1) Where is the law that states you must wait in Germany?. They have sometimes 8 people working in my post office and yet in England your average village Post Office would serve the same amount of people faster with two old biddies. And they´d smile! They spend half their time renovating the building and putting plasma screens in it...why don´t they just use a "newsagent/post office" like everywhre else? They seem to enjoy working slowly, so you can feel hungry and sad while you wait.
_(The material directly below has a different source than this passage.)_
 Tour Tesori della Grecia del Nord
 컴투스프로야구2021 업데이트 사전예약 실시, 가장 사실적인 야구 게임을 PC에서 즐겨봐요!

So you wait throughout most of your lunchhour, and you d think they knew about the services they provide...but they don´t.. they normally have to phone to ask someone else how to shrug their shoulders about "how long does a slightly strange size parcel take to get to England?".
2) On the way out, after youve wasted the whole of your lunch hour ( because it wouldnt get there before you next go home on holiday anyway), you suddenly decide you want to buy a few envelopes at the kiosk where the woman has been standing with ABSOLUTELY NOTHING to do for the past hour.And she looks at you like your e mad and says "but this is the stamp counter...all those products next to my kiosk..They not here can be bought! .they must at the post desk afer the queue paid be!"
3) Ive had roughly 50 % of all mail returned for various reasons: Str. not Strasse, wrong price for oversize envelope, atamp not perpendicular in corner...and once...they argued that putting my 5 digit post code after the town and not before was a justified reason to return the employment contract I had believed to be sent, signed and dusted. for the past year I have got other German people to write out the snail mail envelopes for me. I ve never had this problem in the three other countries Ive lived in. I have a suspicion that they are nationalistic people with a grudge against foreigners...In England My Grandmother often sent me something to the wrong post code, with the street name spellt wrong with the wrong postage stamp and it still got there!
4) Did you know the posties also deliver half of your junk mail...the stuff you dont want and just sits clogging up the front hall?
5) I blame the Deutche Post for the recent floods in England, Global warming and maybe even for Dianne´s murder.
dcgirl
Jul 30 2007, 6:38 pm
Holy crap, I just got a phone call from some sort of Customer Service Manager in response to my generic online form. They're still attempting to recall the packages and have them delivered. If that fails, they have agreed to honor any claims and fully reimburse the sender the lost funds. I'm gobsmacked!*
*I've always wanted to use that word in a sentence...the chance has finally arrived!
i_beth
Jul 31 2007, 9:32 am
QUOTE (MadAxeMurderer @ Jul 25 2005, 2:27 pm)

HOT TIP
NEVER NEVER put your return address on something.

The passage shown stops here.